Смысл этих слов потряс Модру.
– То есть, вы хотите… вообще удалить мозг и заменить его искусственным, каким-то компьютером, способным управлять телом, а потом переписать в него данные и убедить его, что он все еще Трис?
Врач протянула руку к волосам и легонько потянула за них, сняв абсолютно естественно выглядящий парик так, как будто это была шляпа. Под ним она оказалась абсолютно лысой, без каких-либо признаков волос – или операции – но в черепе у нее с одной стороны виднелась большая прямоугольная металлическая пластина, испещренная сотнями крошечных серебристых точек.
– Это совсем не так ужасно, – произнесла она.
Модра медленно опустилась в кресло, которое вообще-то не было предназначено для человеческой фигуры. Но ей было необходимо сесть. Это было очень странно – почему-то у нее было чувство совершенной нереальности всего происходящего. И все же она действительно находилась здесь, и двое остальных ожидали какого-то решения от нее как от владелицы компании.
Она попыталась обдумать услышанное, но не смогла.
– Значит, он будет выглядеть, как Трис, и у него будет память Триса, но на самом деле это будет не Трис? – в конце концов выговорила она.

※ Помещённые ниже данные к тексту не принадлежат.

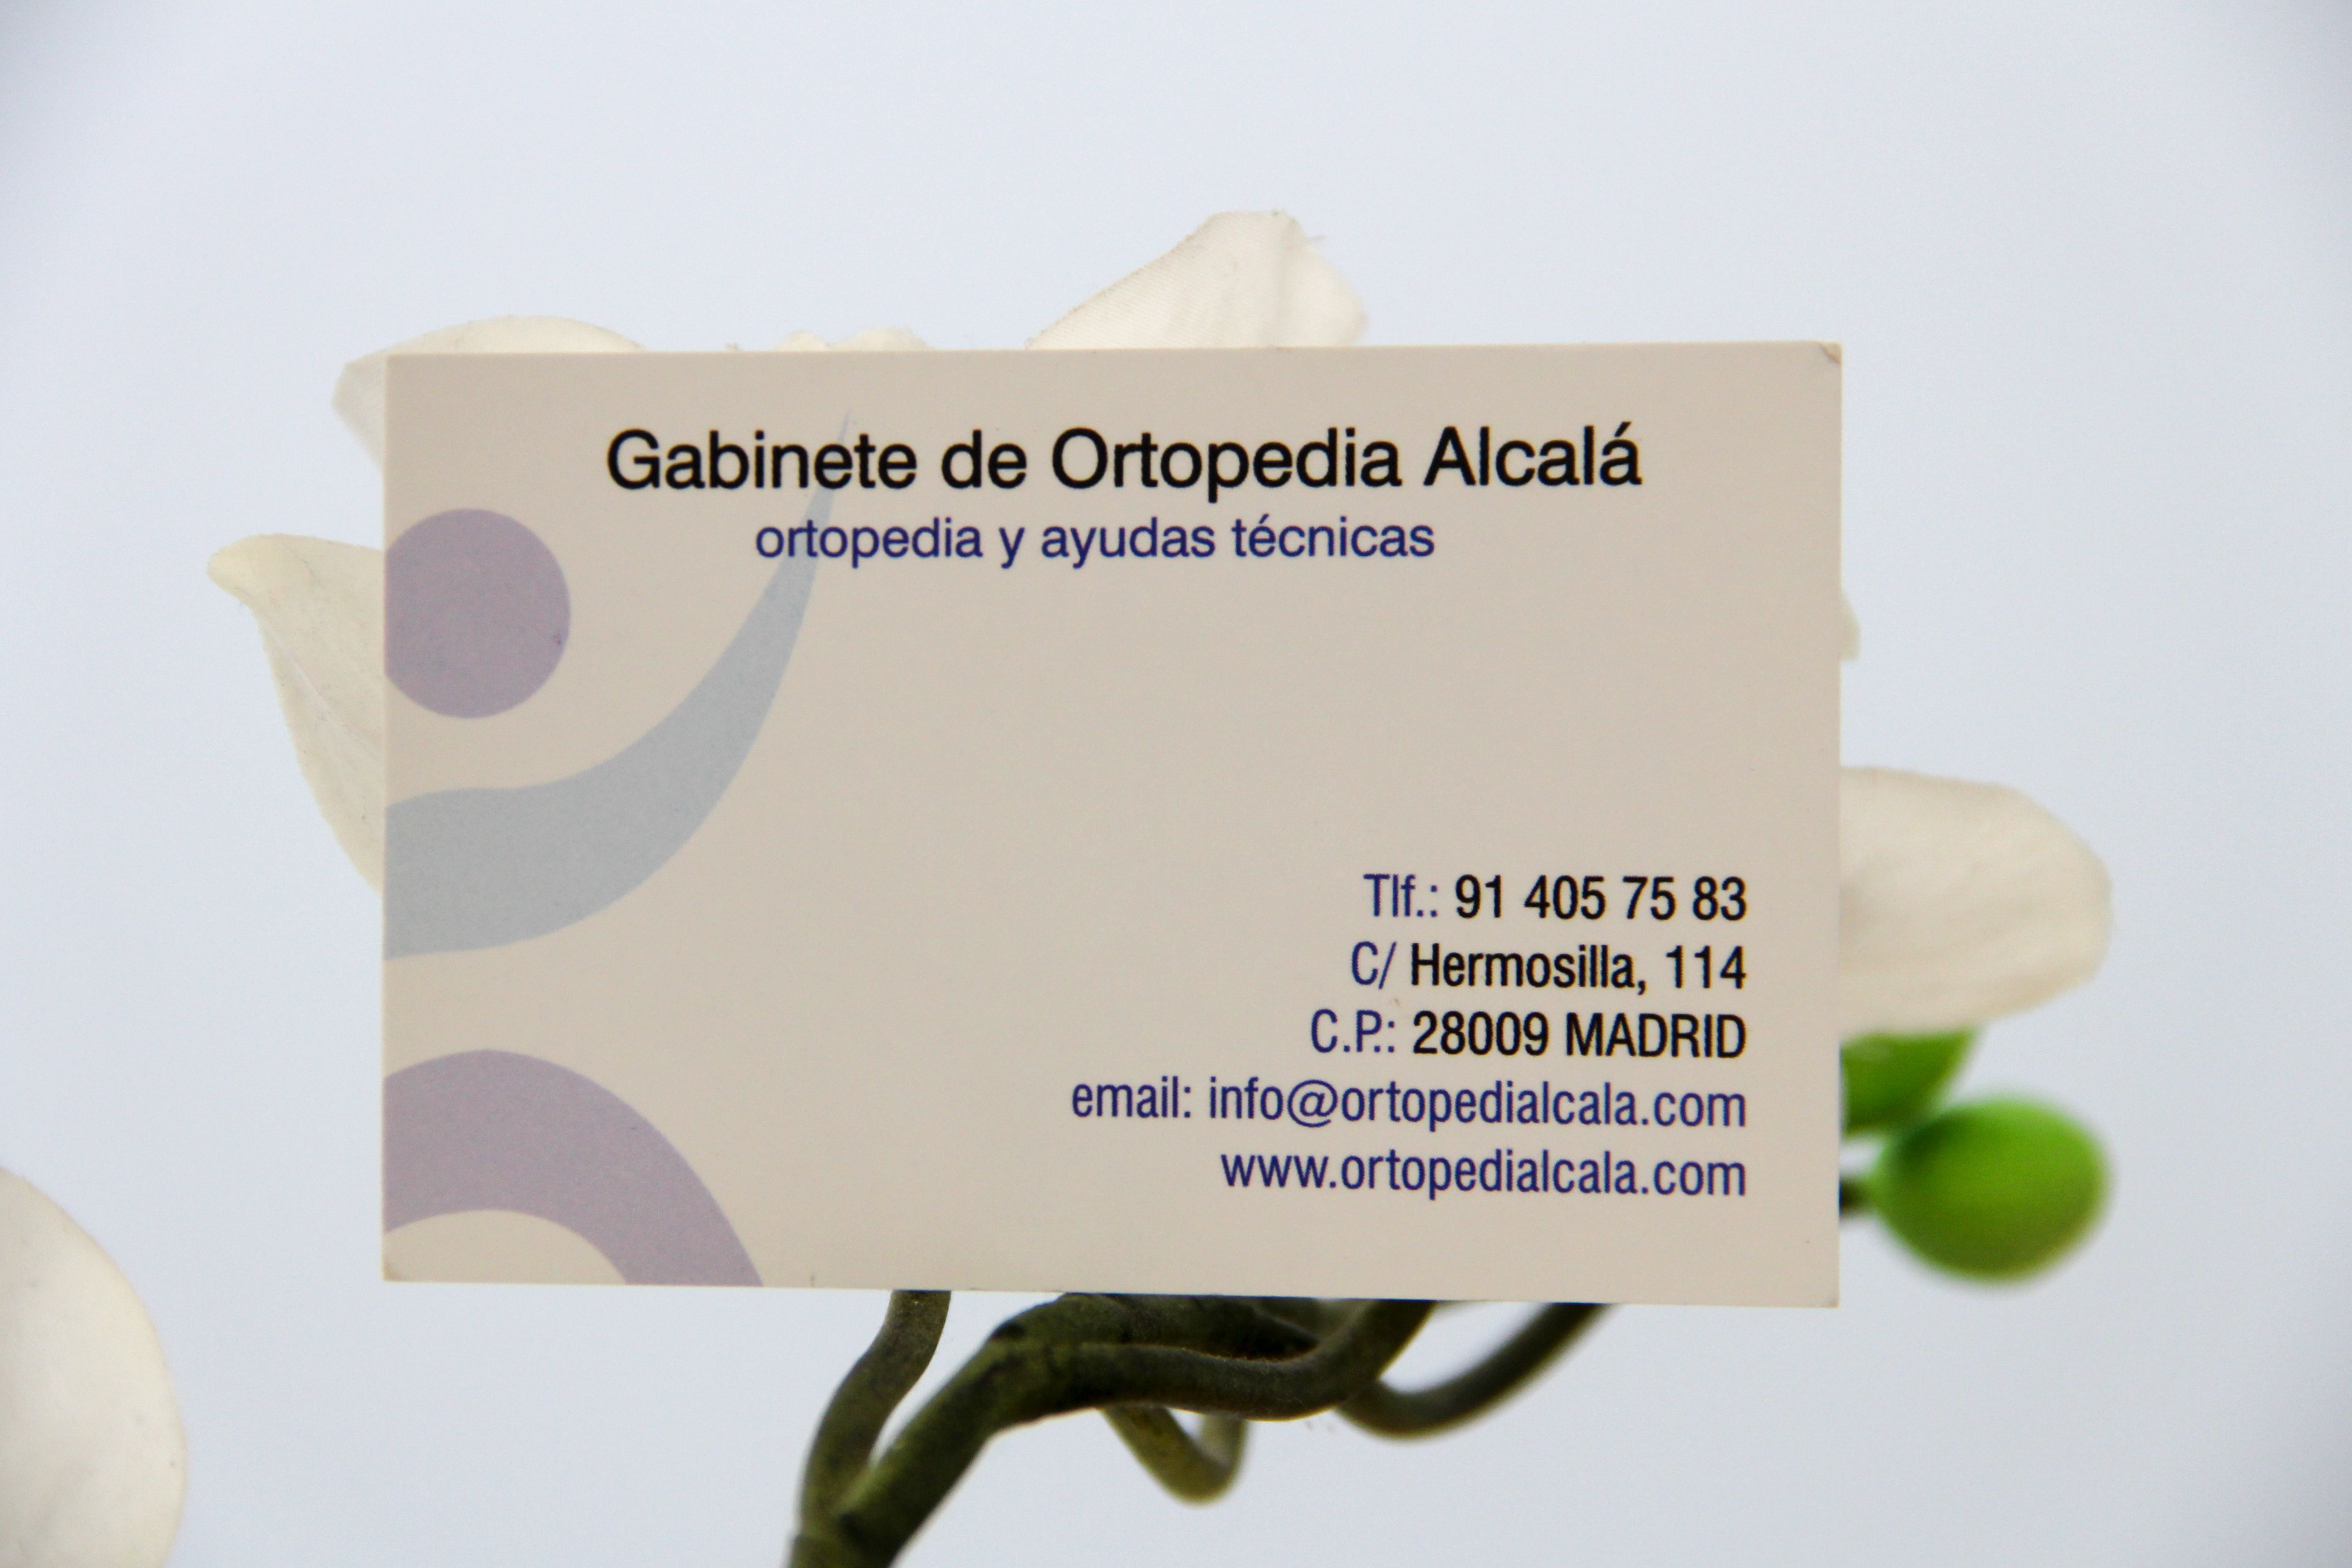 Foto 6 de Ortopedia en Madrid | Gabinete de Ortopedia Alcalá, S.L.

– И да и нет, – ответила врач, возвращая парик на место и снова становясь похожей на человека. – В своей основе он будет цимолем, а не человеком. Его личность будет синтезирована из его собственных представлений о себе и из того, что расскажете ему вы, но она будет синтезирована и наложена поверх цимоля. Он не будет тем же самым, но будет казаться… очень похожим. Психохимия больше не будет оказывать влияния на многие процессы в его организме. Его эмоции будут скорее синтезированными, чем реальными, и никогда больше не выйдут из-под контроля. Некоторые физиологические потребности, управляемые мозгом, перестанут существовать. Сексуальные желания, приступы гнева, даже выбросы эндорфинов, разумеется, будут невозможны. Так, например, мое тело нуждается в отдыхе, но моему мозгу не нужен сон.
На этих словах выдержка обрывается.